2.6 Defining Our Own Data Structures

Defining the Sales_data Type

  • The close curly that ends the class/struct body must be followed by a semicolon. It is needed because we can define variables after the class body: struct Sales_data { /* ... */ } accum, trans, *salesptr;.
    • It is not recommended though: it obscures the code by combining the definition of two different entities.
  • Under C++11, we can supply in-class initializers for data members if we don’t want them default initialized. They must either be enclosed inside curly braces or follow an = sign.

Writing Our Own Header Files

  • Classes are usually defined in header files to ensure the definition is the same in each file.
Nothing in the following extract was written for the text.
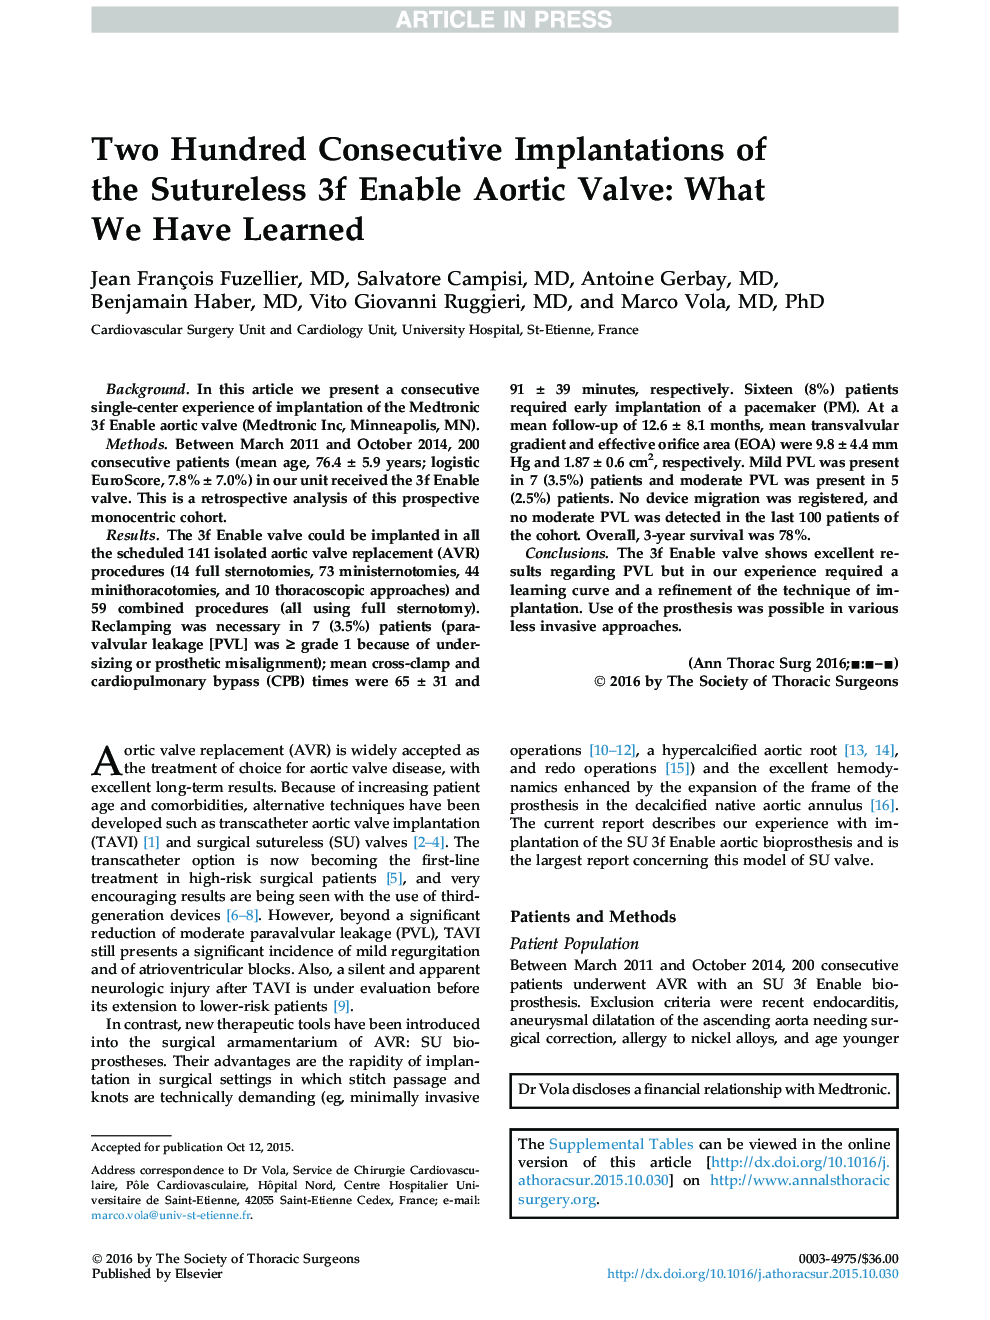 Two Hundred Consecutive Implantations of theÂ Sutureless 3f Enable Aortic Valve: What WeÂ Have Learned
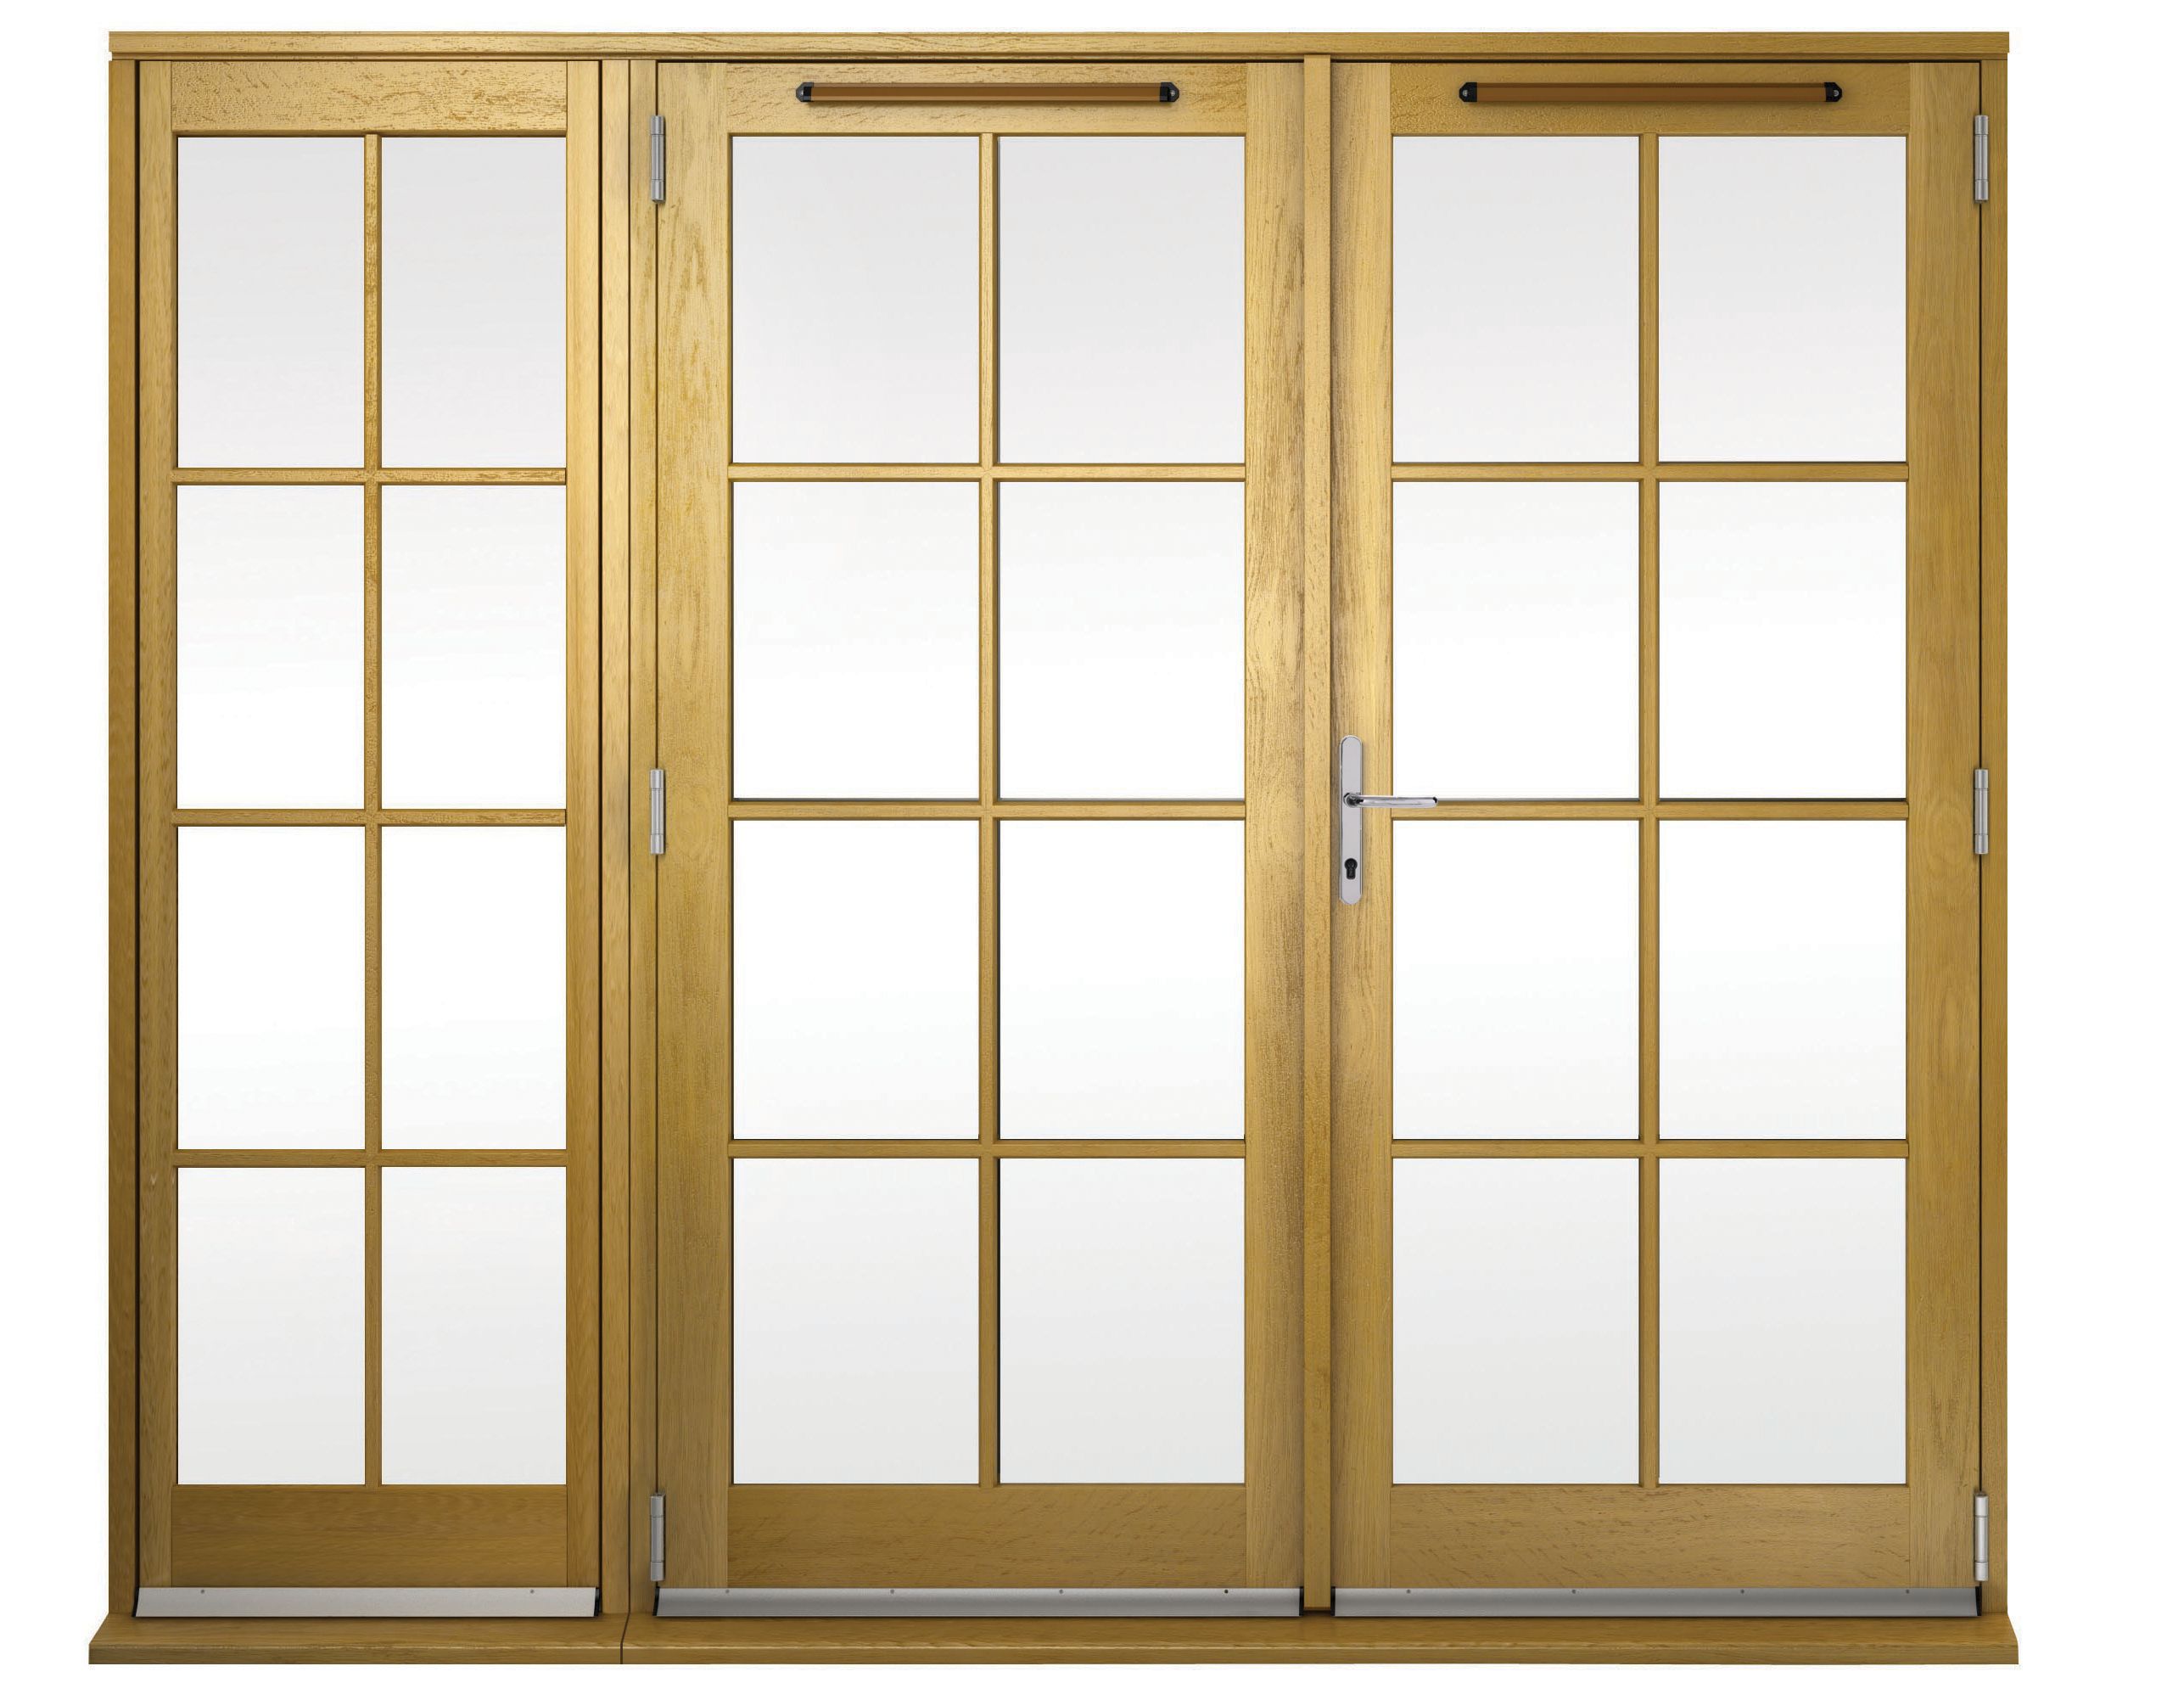 Image of Wickes Albery Georgian Bar Solid Oak Laminate French Doors 6ft with 1 Side Lites 600mm

Headers contain entities that can be defined only once in any given file, but since it might be included more than once, we need to write headers that is safe even if it is included multiple times.
  • The preprocessor is a program that runs before the compiler and changes the source text of programs.
    • #include: It will be replaced with the contents of the specified header.
    • Preprocessor variables (#define, #ifdef, #ifndef, #endif) are used to define header guards. We typically ensure uniqueness by basing the guard’s name on the name of a class.